The (Western) Center Cannot Hold: On Space and Narrative in Transnational Theory

In classes related to transnationalism, I have noticed that professors tend to pair theoretical readings on area studies with works of global literature. This has led me to think about why area studies and national literatures have become such a focus of transnational study. On one level, the answer might be quite obvious. As we begin to visualize and interact with people of all different cultures on a regular basis, whether it is talking to Apple tech support in the Philippines or watching a Korean horror film, scholars of culture might find it important that we study and contextualize these particular cultures and global processes. One could do this by learning more about different world regions in terms of their cultural production and national histories. In this way, students in the West can now further access the communities and cultures that may not have been deemed worthy of extended research in previous decades. Through the historical, anthropological, and narrative study of transnational peoples and spaces, once can better understand the dimensions of cultural diversity around the world, in addition to the hegemonic relations that have historically kept the West as a center of power.

Through an analysis of Modernity at Large by anthropologist Arjun Appadurai and Global Matters by English professor Paul Jay, one can see the interdisciplinary nature of transnationalism in modern academic study, in addition to the value of incorporating area studies and national literature in transnational research. Appadurai introduces an idea that posits old forms of culture against new ones. Historically, he argues, the Enlightenment master narrative “was constructed with a certain internal logic and presupposed a certain relationship between reading, representation, and the public sphere” (36). He claims that cultural forms in today’s world, however, are “fundamentally fractal, that is, as possessing no Euclidean boundaries, structures, or regularities” (46). What allows people around the world to connect with these new cultural forms is not the consumption of a single literary canon, but rather the imagination, which has become “an organized field of social practices…and a form of negotiation between sites of agency (individuals) and globally defined fields of possibility” (31). Here, we have a compelling theoretical argument for a new way to approach culture in the modern moment, but I’m not yet convinced until he provides examples from film, literature, and fieldwork in India to supplement his points. For example, he explains how Mira Nair’s film, India Cabaret, depicts young lower-class women who have been mesmerized and marginalized by the modern metropolitan glamour they see in commercial depictions of Bombay, and the only way they can participate in the spectacle is by becoming exotic dancers who cater to the Western fantasies of the female “Other” (38-39). Thus, the heightened reality of film becomes actual reality in the world of transnational travel and capital. In this way, I think that Appadurai’s transnational theory becomes most useful and effective when he supplements his argument with examples from area studies or works of national film and literature.

In Paul Jay’s account, he questions the “default narrative for historicizing English,” characterized by the study of literature through “the lens of conventional national histories” (loc. 170).

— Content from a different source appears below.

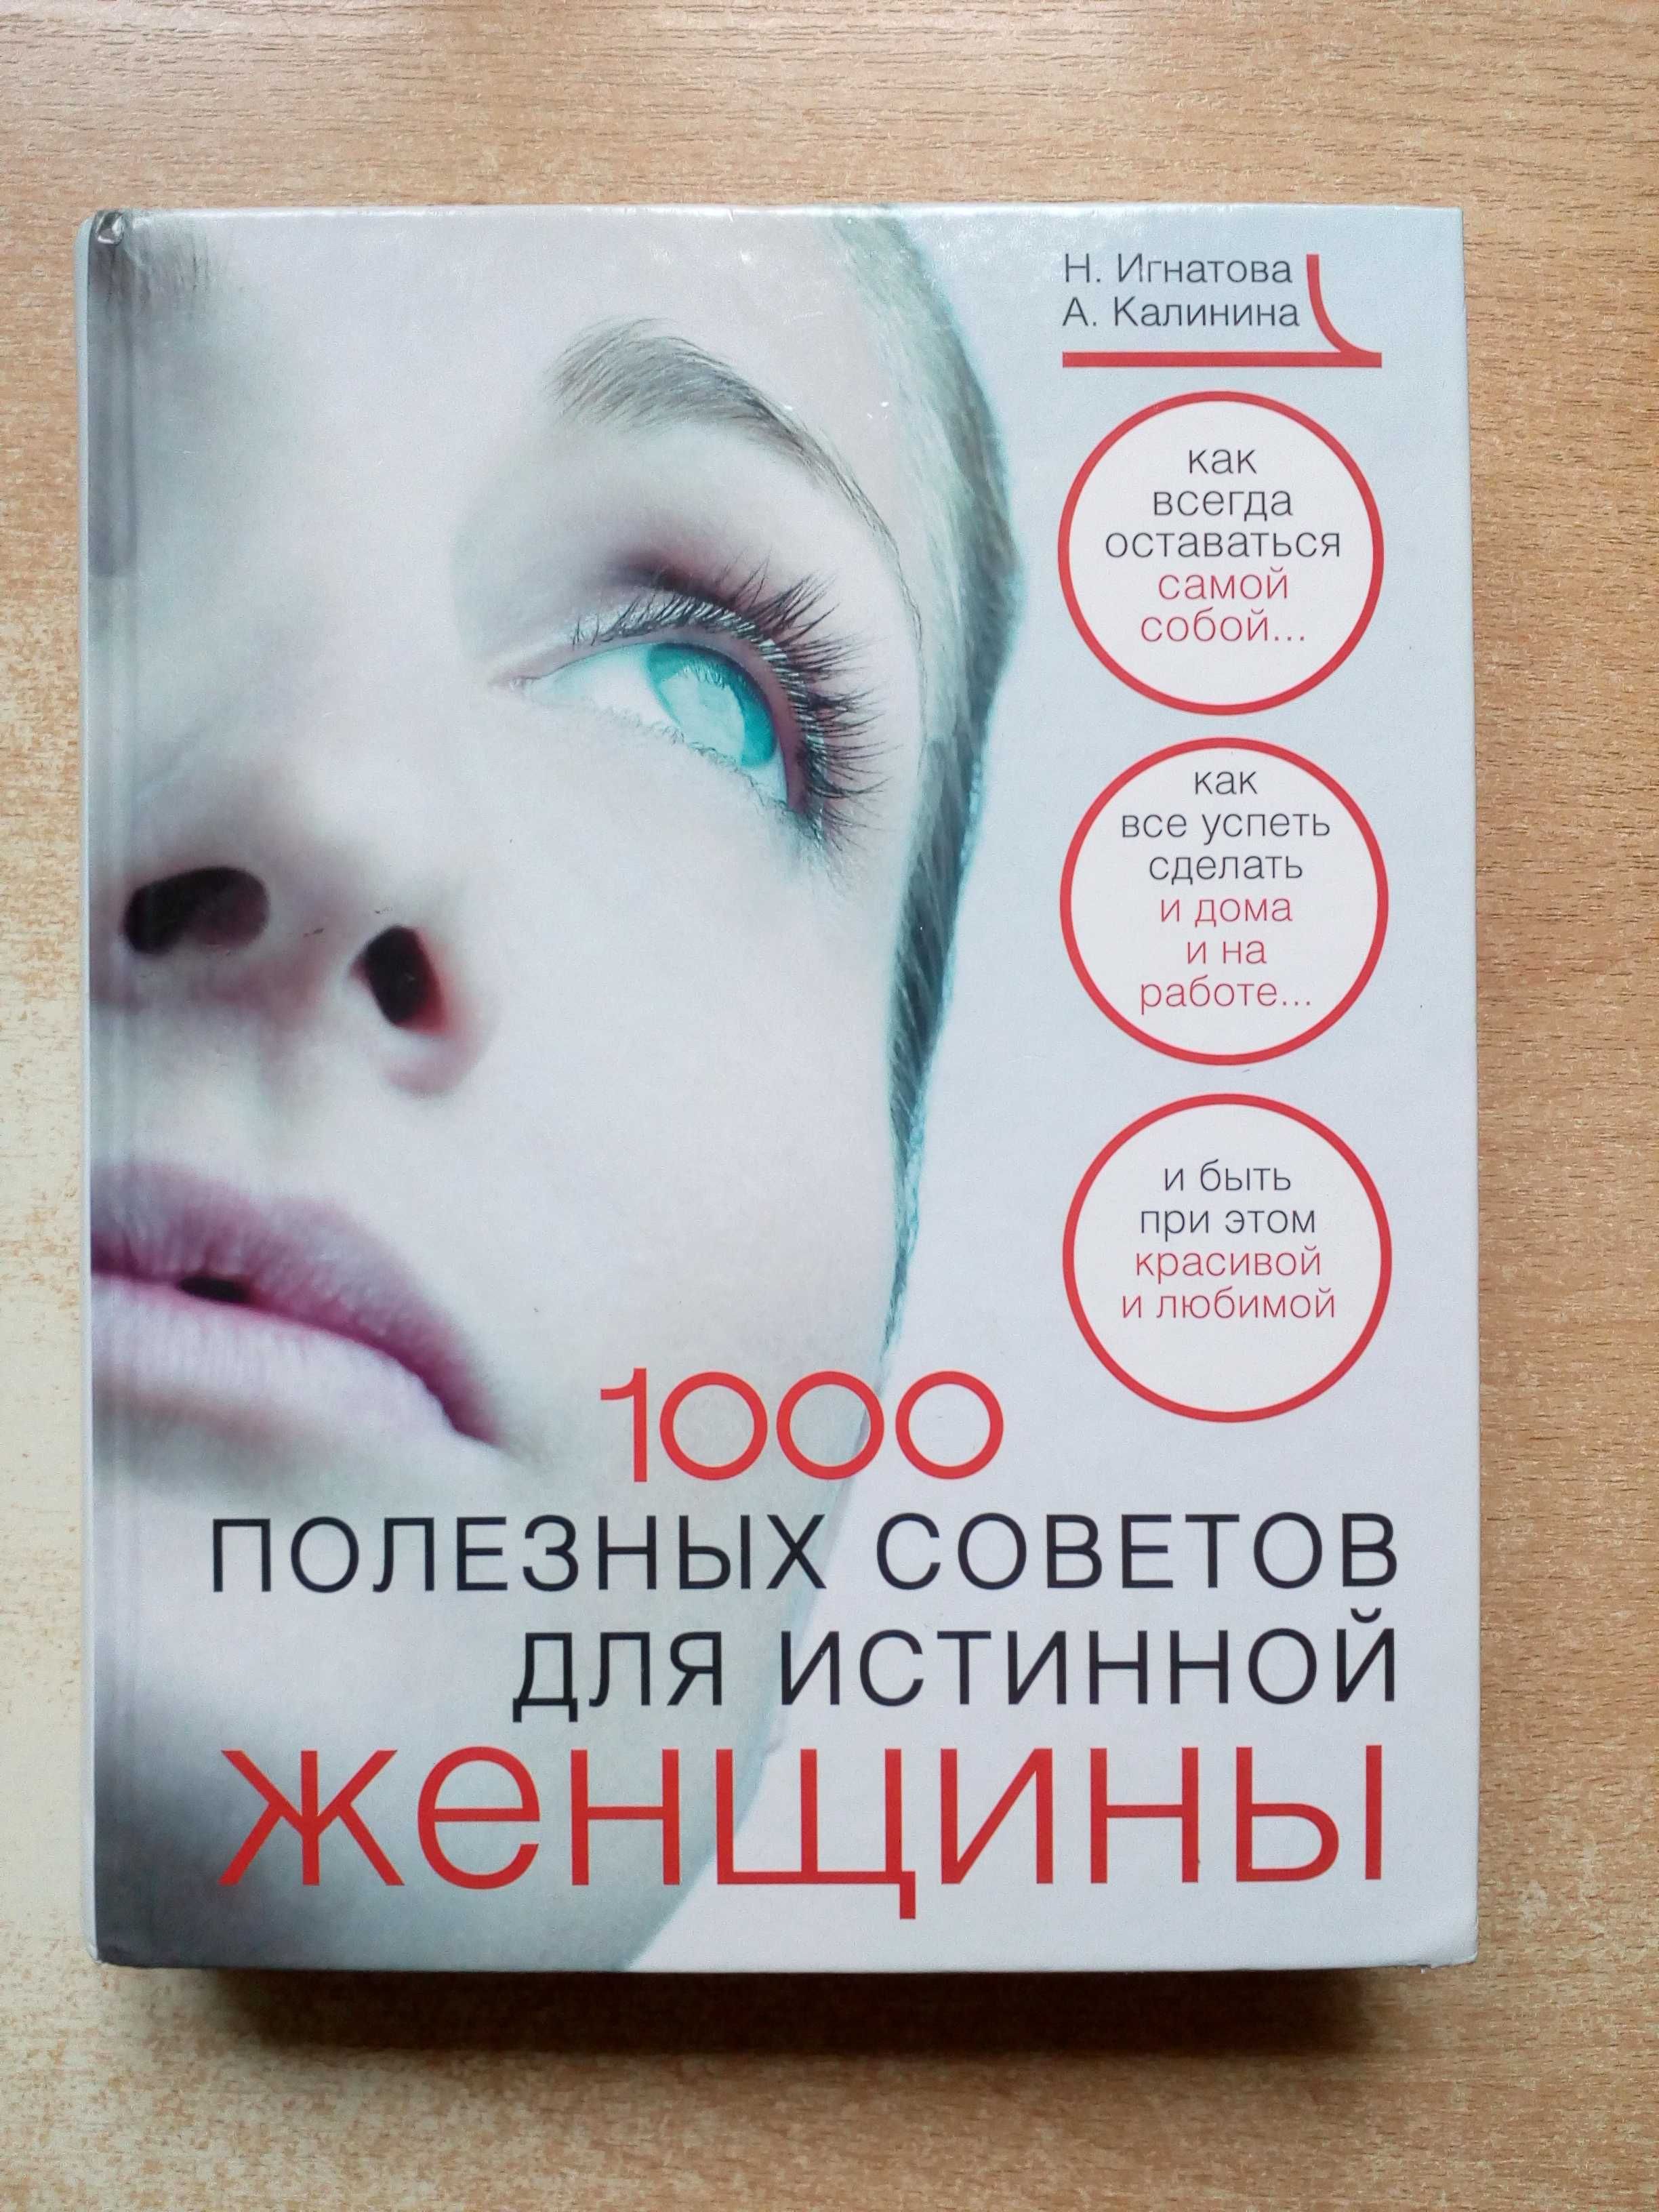 Игнатова,Калинина"1000 полезных советов для истинной женщины".
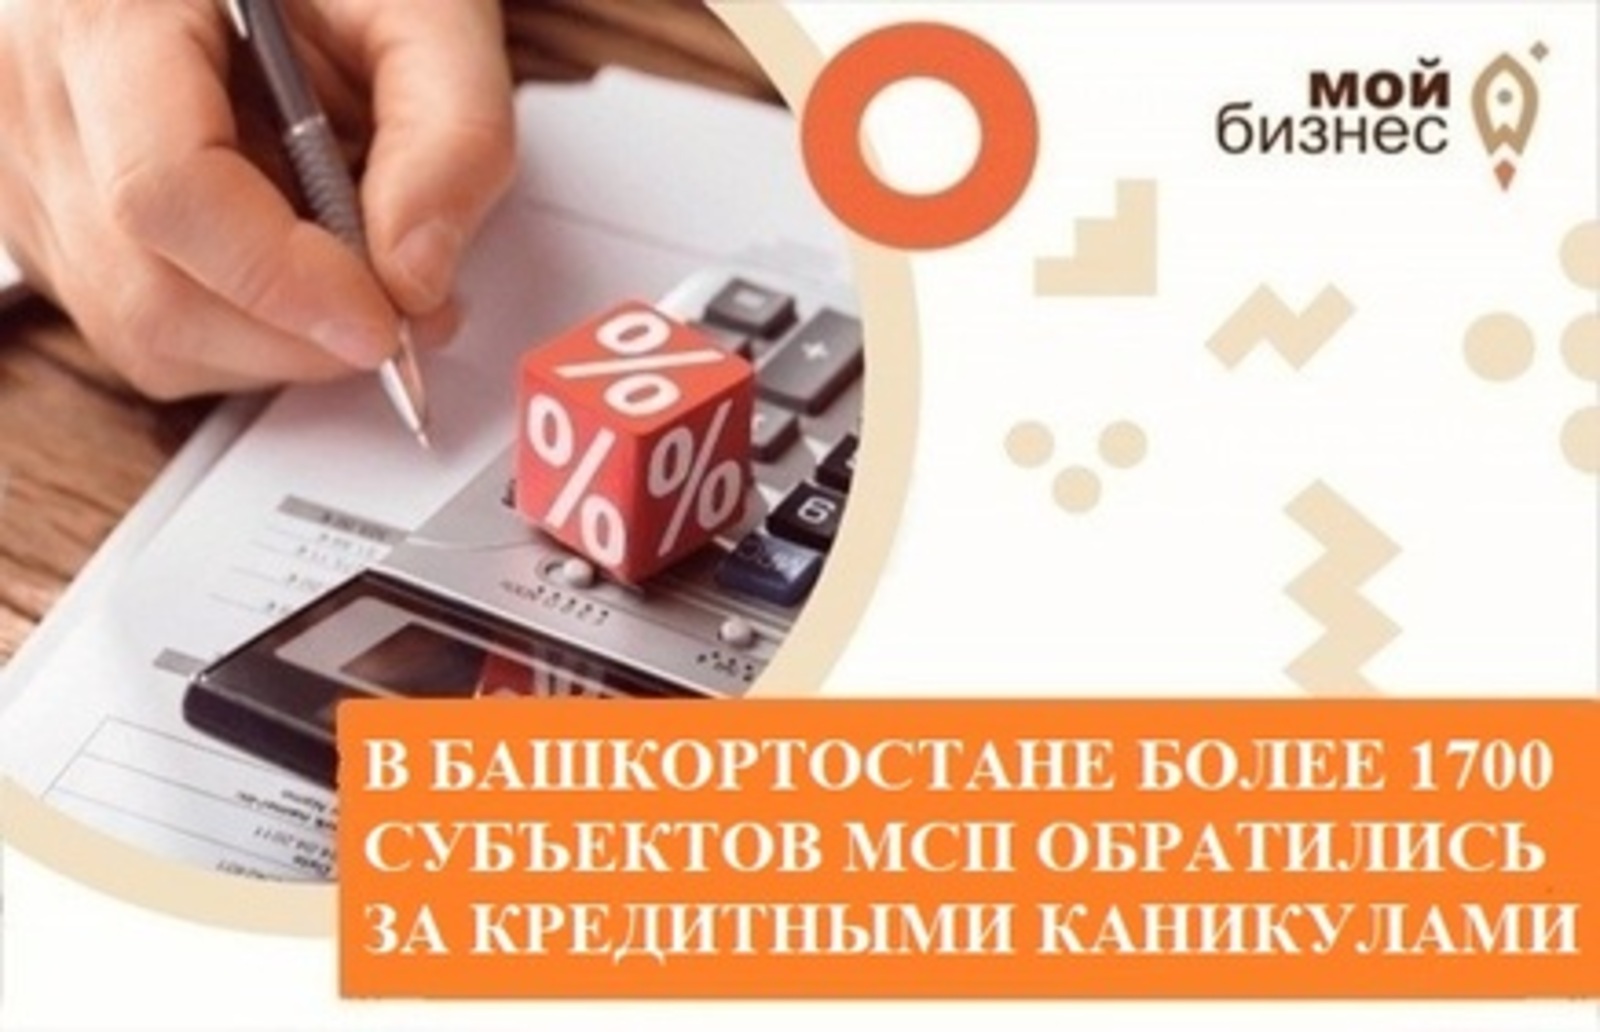 В Башкортостане более 1700 субъектов МСП обратились за кредитными каникулами

One reason for this, he argues, is that the transnational shift in literary studies has led to a “remapping of the locations we study” (loc. 222). In a similar way that Appadurai describes how the approach to cultural study shifted from the Enlightenment’s notion of “Culture” to the more heterogeneous “cultural,” Jay states that the older cultural model of the late 19th and early 20th centuries collapsed under the “imperative to understand literature as a multicultural object of knowledge…expressive of a whole range of different experiences and identities” (loc. 451). It is here that I can begin to understand my current field of English a bit better. Despite the continued importance of early modern Western literature, how can the field of literary studies, and perhaps the humanities as a whole, continue to expand and flourish if scholars do not question the history of Eurocentrism and consider the literary works of global societies in order to generate new insights on the world and our various positions within it? It is here that I am reminded of a relevant article called “Why American Studies Needs to Think About Korean Cinema,” in which Christina Klein demonstrates how transnational film genres can allow us to explore the various social criticisms of globalization and artistic critiques of the nature of cultural production in the modern world (see article).

Globalization and transnationalism may not be entirely new processes, but in the past few decades, coinciding with rapidly developing telecommunications infrastructures and media technologies in countless international urban centers, these terms are becoming more ever-present in a wide range of disciplines within the humanities and social sciences. Besides direct communication, how can we start to learn more about people from around the world, who were once in our periphery and are now our neighbors? By including histories and ethnographies of particular cultures along with analyses of national literatures as a part of their arguments, transnational theorists can help expand upon the increasingly interconnected (and simultaneously fragmented) nature of our rapidly evolving world.